E já fiquei em Santa Emília, não me deixaram mais ir embora. Me ´internei´ em casa de mamãe dia 15 de março, na roça, a 12 km da cidade de Venâncio Aires, minha terra, cercado de árvores e no meio da seca infernal que está fazendo no Rio Grande do Sul. De lá não saí mais, a não ser para levar a cuidadora de mamãe para sua casa nos fins de semana, encaminhar o conserto da tela do celular, que caiu da minha mão e quebrou, e depois o notebook, cuja tela trincou. Possivelmente nervosismo, ansiedade, quase cansaço, incerteza sobre o futuro, cadê o amanhã e a esperança?

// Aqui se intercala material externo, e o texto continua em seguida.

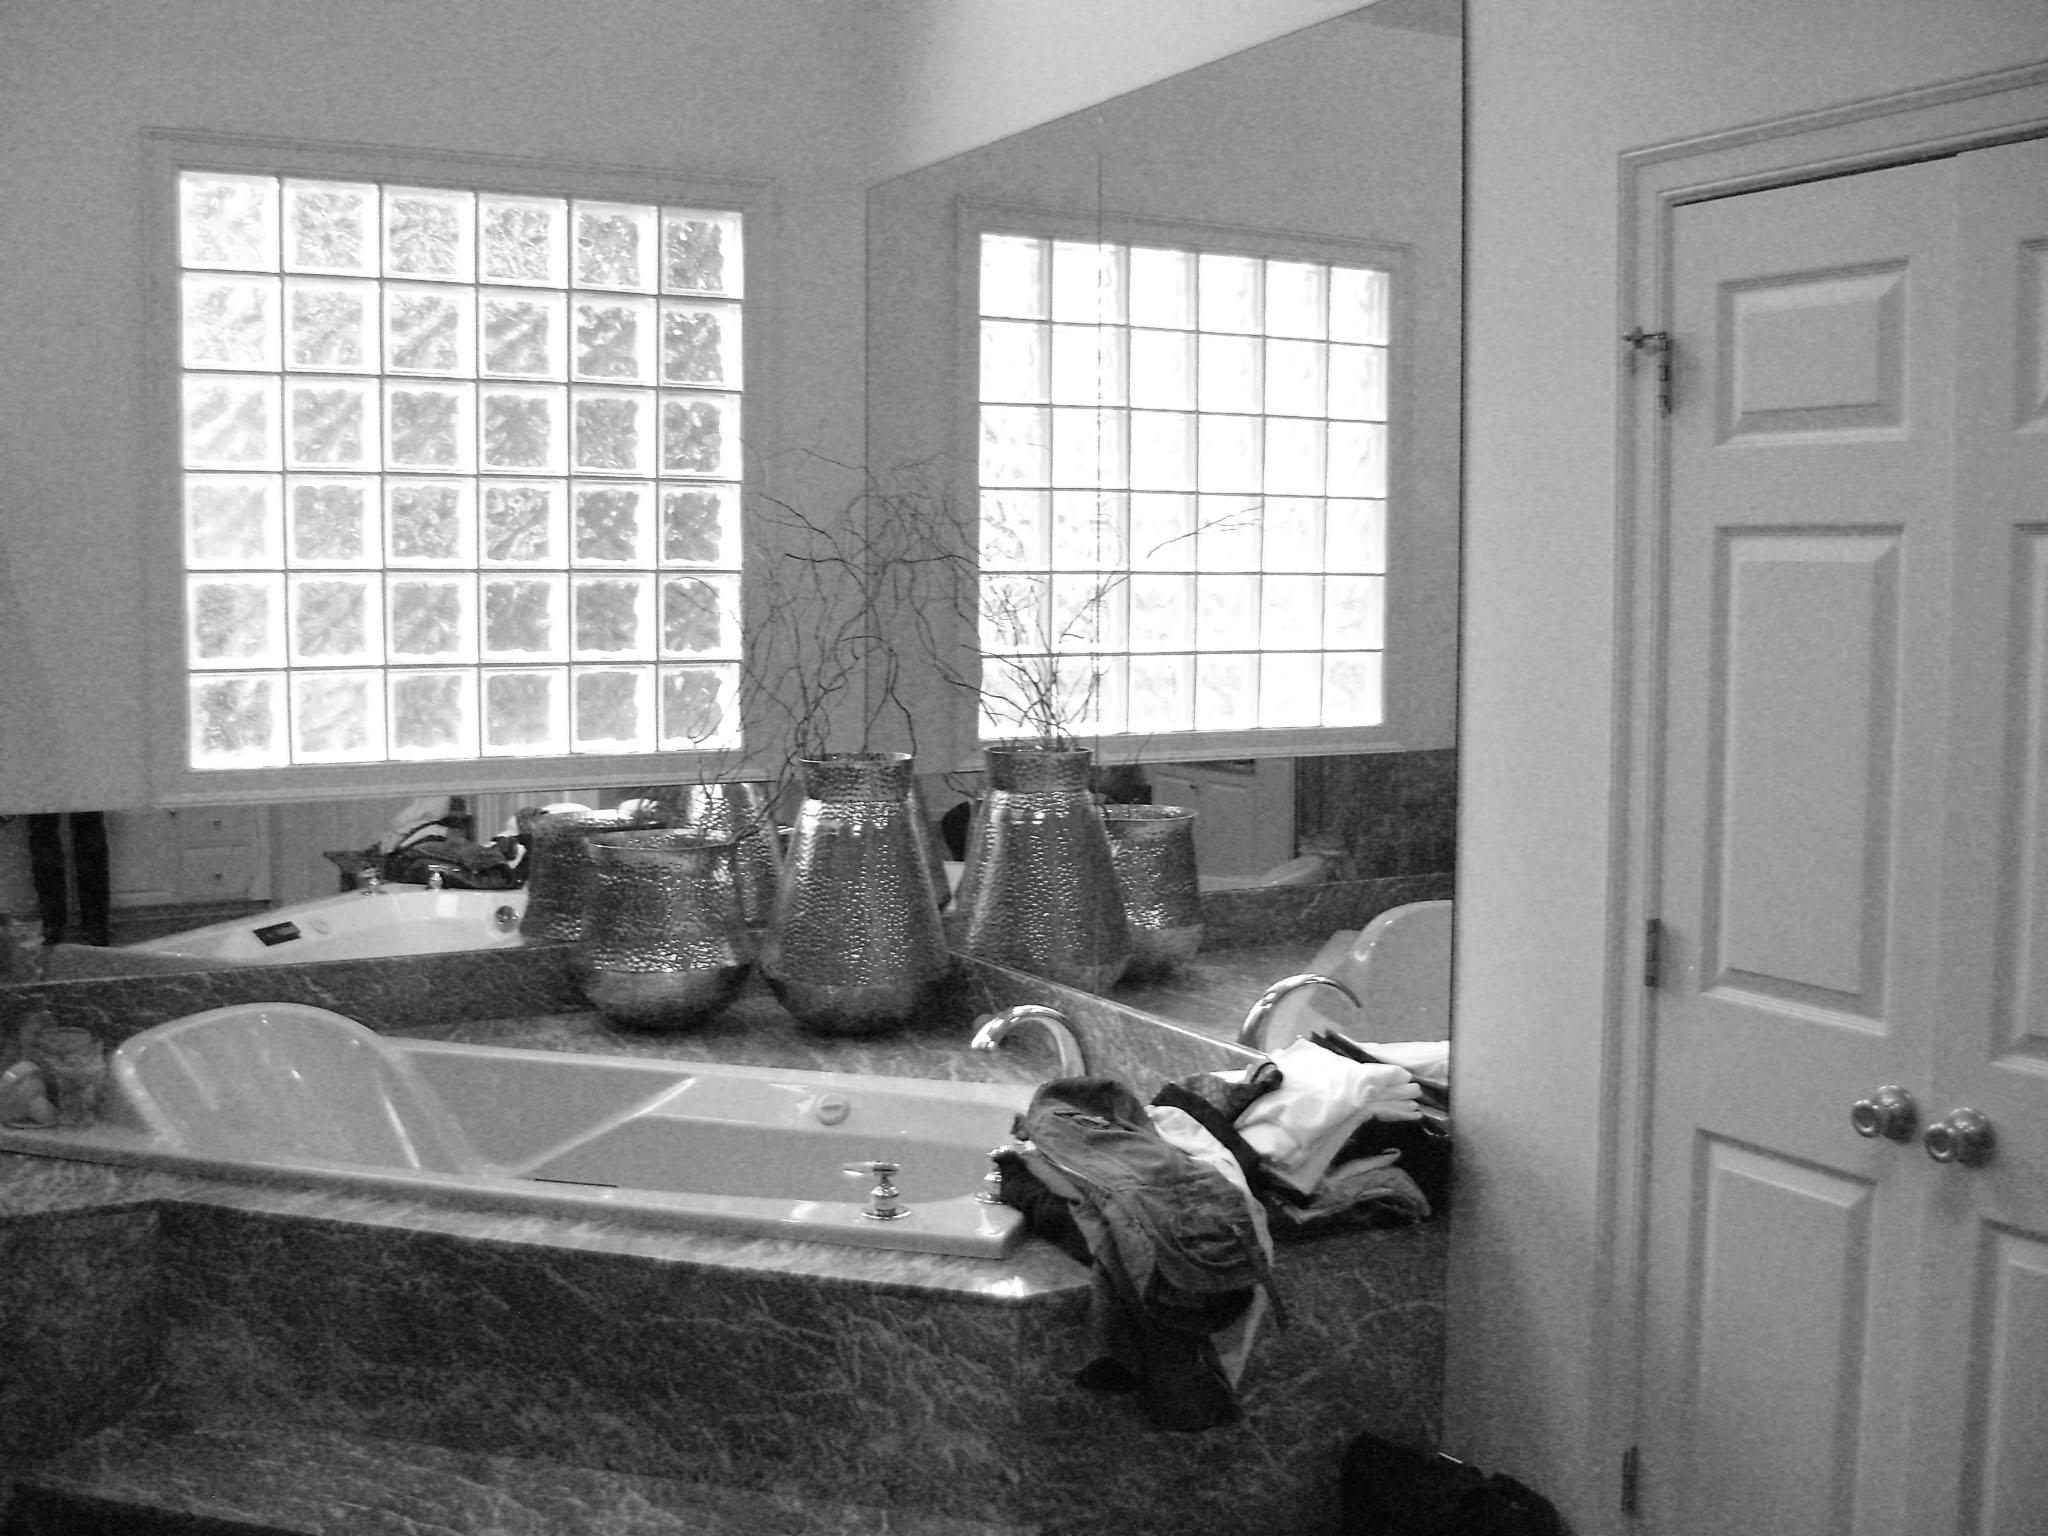 bath1-bw.jpg

O tempo (não) passa. Sobrou conversar bastante com mamãe, de 93 anos, em alemão, como talvez nunca tenha feito na vida, a não ser quando criança, (minhas andanças pelo mundo, sempre cobradas por ela e pouco compreendidas, nunca permitiram), ler ou reler livros seminais para minhas opções de vida, acompanhar mais de perto a vida de meus irmãos agricultores familiares, comer bergamotas, laranjas, butiás, coquinhos, goiabas, acerolas, pitaias, carambolas, jaboticabas, maracujás, phitalis, uva japonesa e outras tantas gostosuras colhidas direto no pé ao lado de casa, sorver chimarrão, o chima, três vezes ao dia, cozinhar milho e pinhão na chapa, tomar caipas e cevas nos ‘findis’, bem acompanhado, pela família, e agora, com o frio chegando, ficar ao lado do fogão a lenha esquentando os pés e o coração.
O tempo (não) passa. Mas passa. A pandemia há de passar, se a gente tomar todos os cuidados. Assim como o governo fascista passará, do mesmo jeito que um dia a ditadura militar acabou, à base de luta, mobilização popular, organização do povo, de baixo para cima. E a democracia voltou a sorrir. Talvez os últimos acontecimentos sejam luz.
Espero chegar aos setentinha, daqui a um ano, leve, livre, solto. E feliz, cheio de esperança e fé.